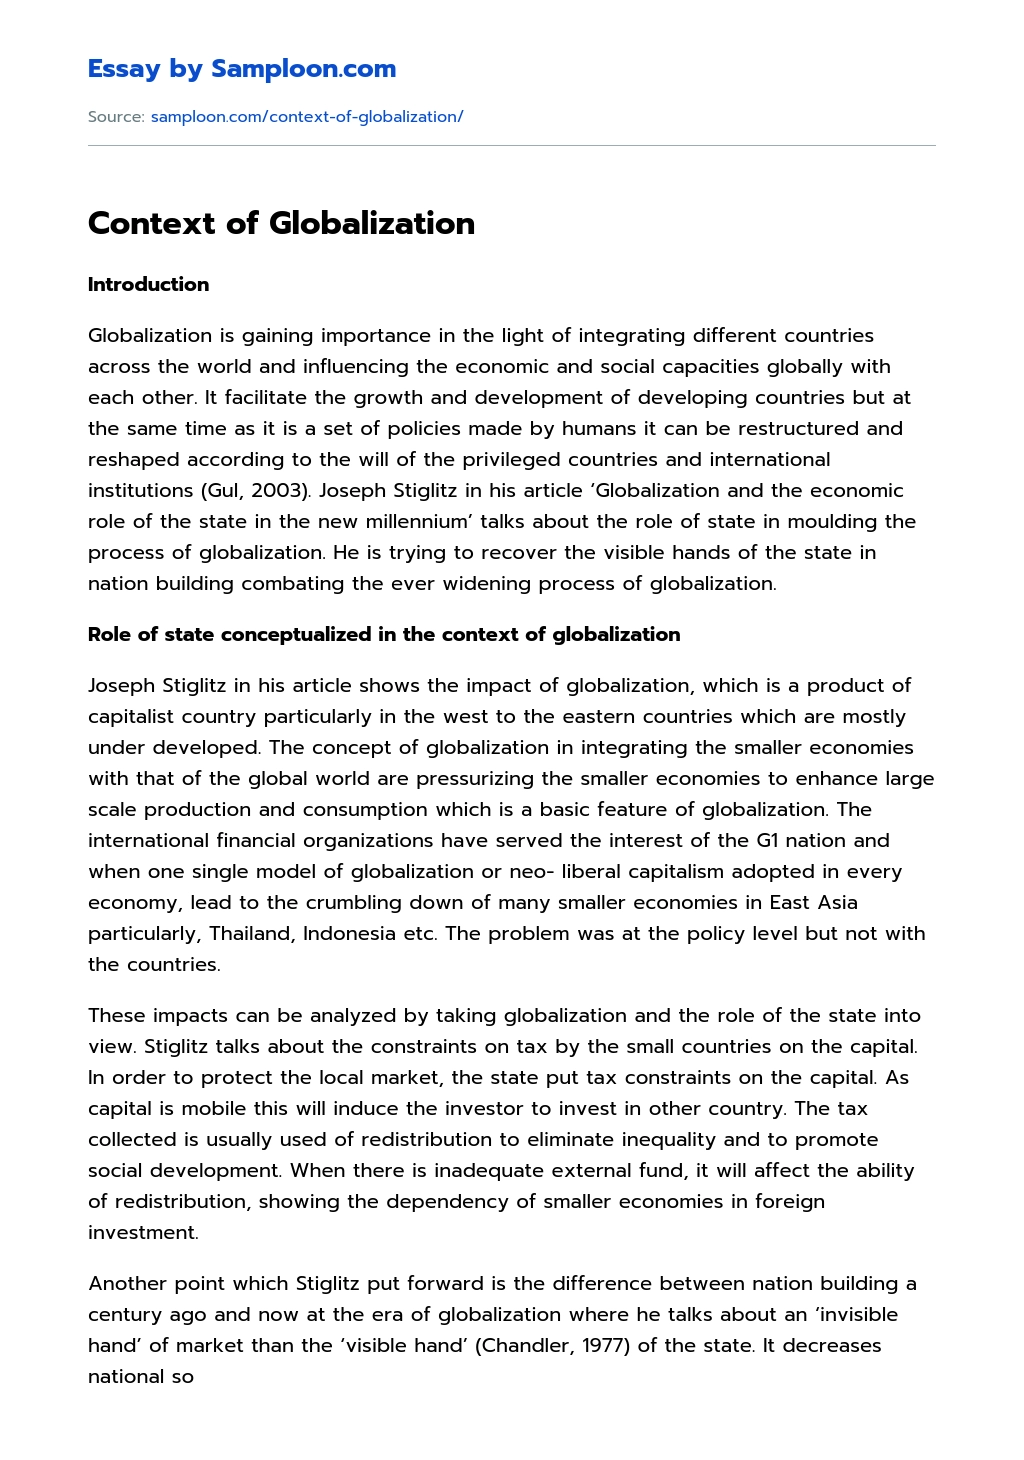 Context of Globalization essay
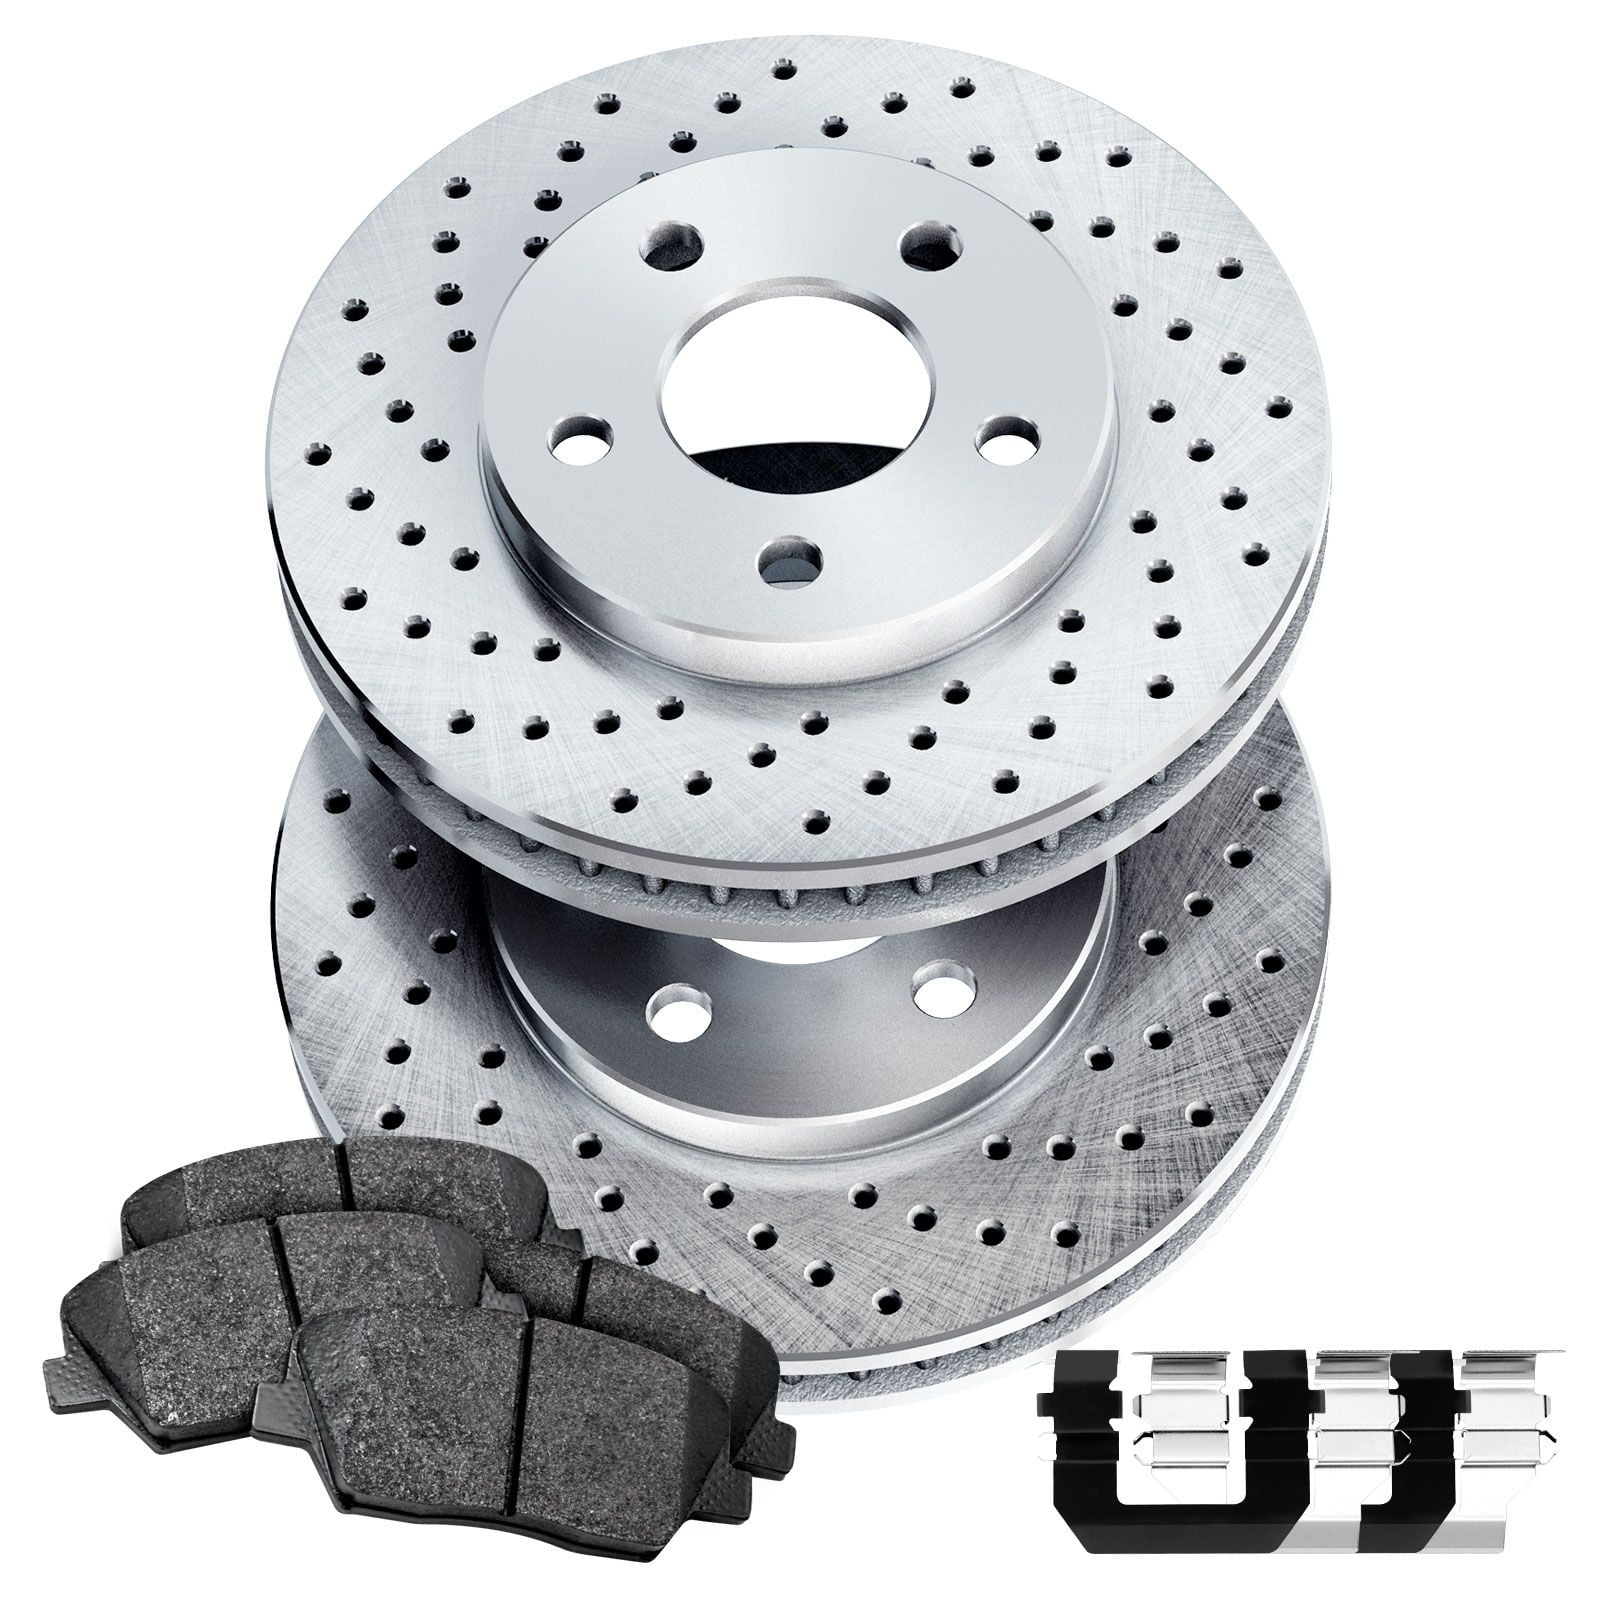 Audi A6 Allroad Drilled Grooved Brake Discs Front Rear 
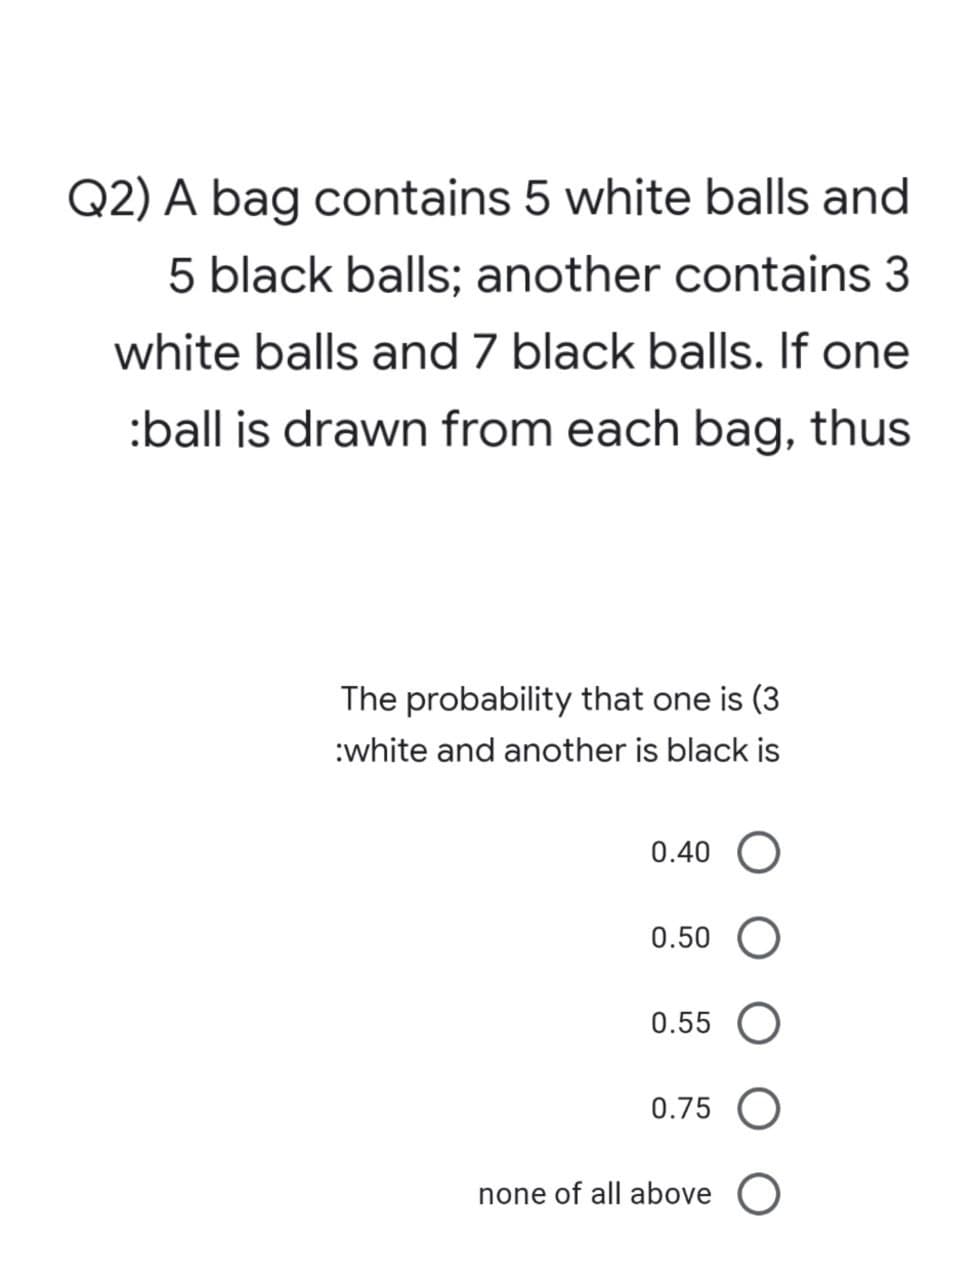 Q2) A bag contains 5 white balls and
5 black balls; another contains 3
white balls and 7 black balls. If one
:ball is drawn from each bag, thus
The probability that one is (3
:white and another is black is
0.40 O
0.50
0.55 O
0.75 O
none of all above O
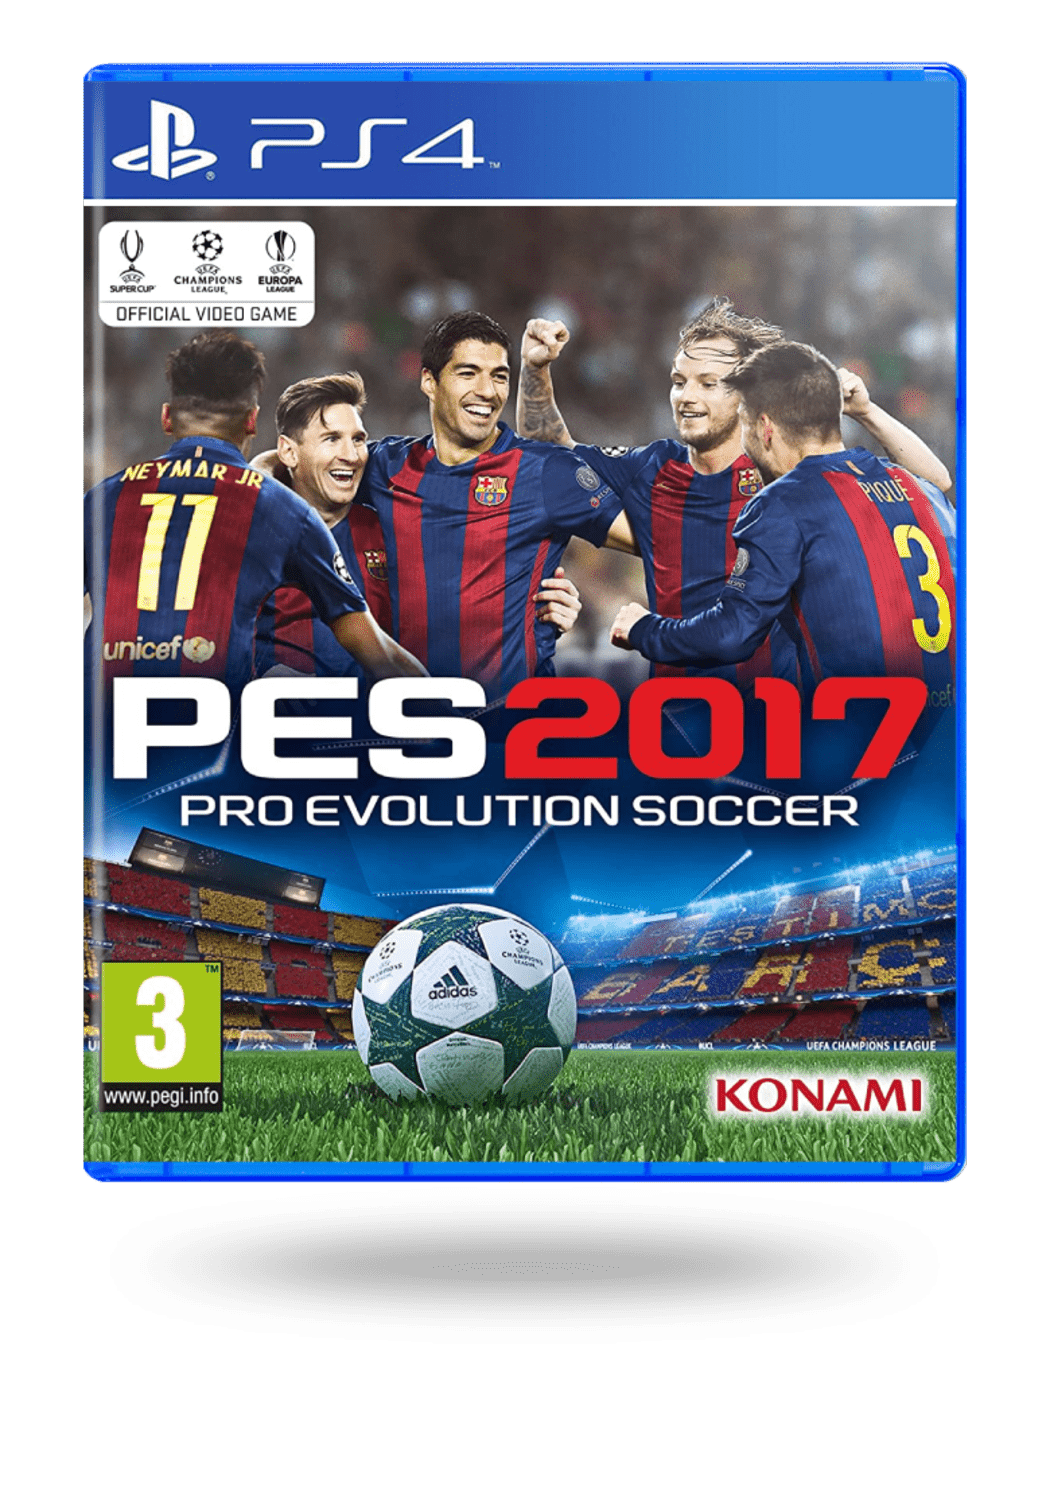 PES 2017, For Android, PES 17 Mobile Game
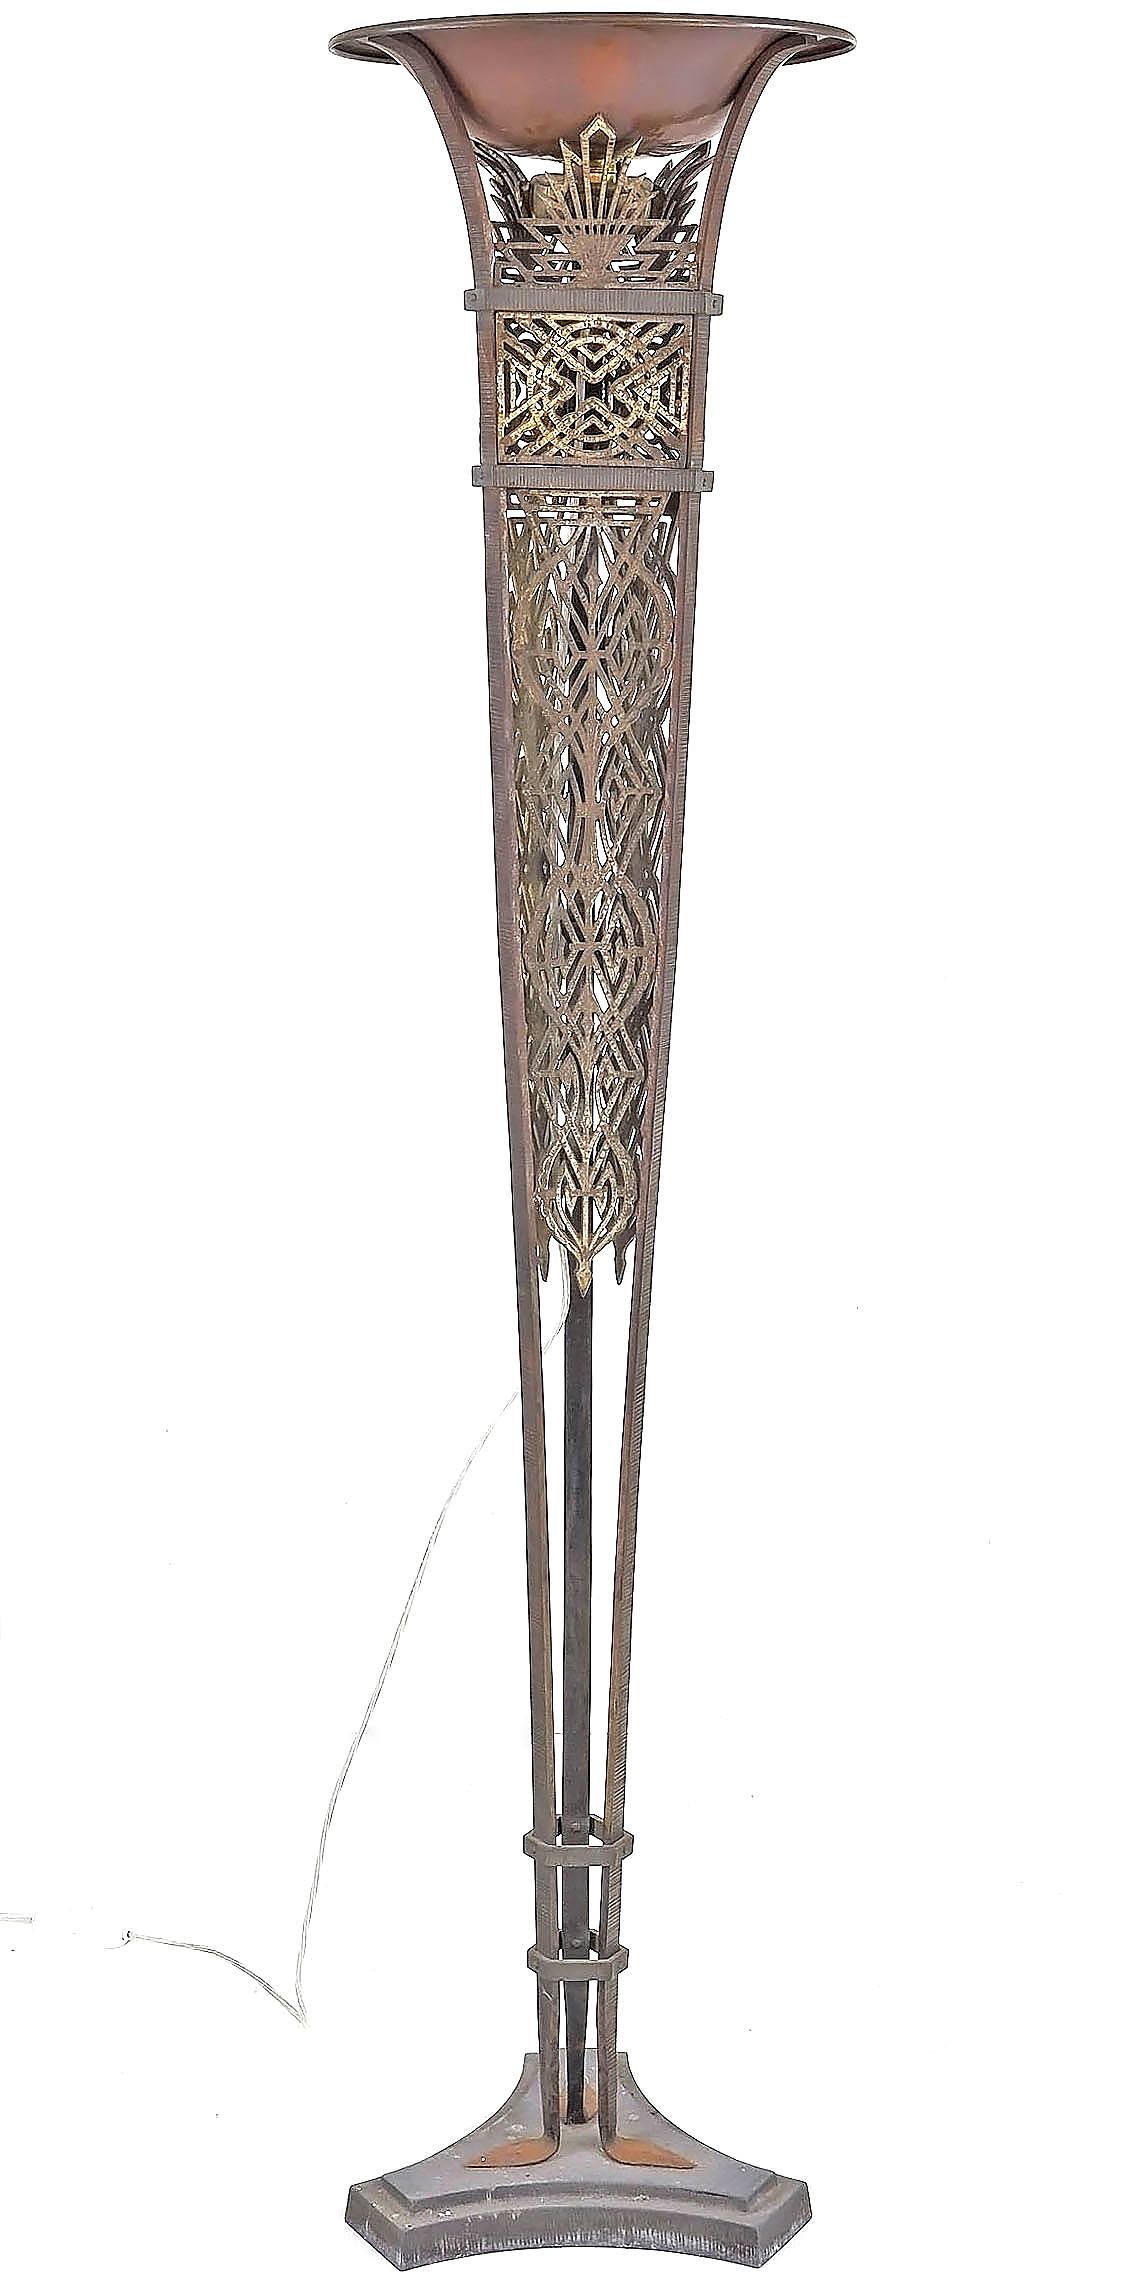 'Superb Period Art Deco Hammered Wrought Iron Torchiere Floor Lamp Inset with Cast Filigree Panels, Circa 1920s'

PROBLEM DETAILS
Nothing but a number belongs in the answer: the number of lines above that contain "another".

ANSWER FOR THE TASK
2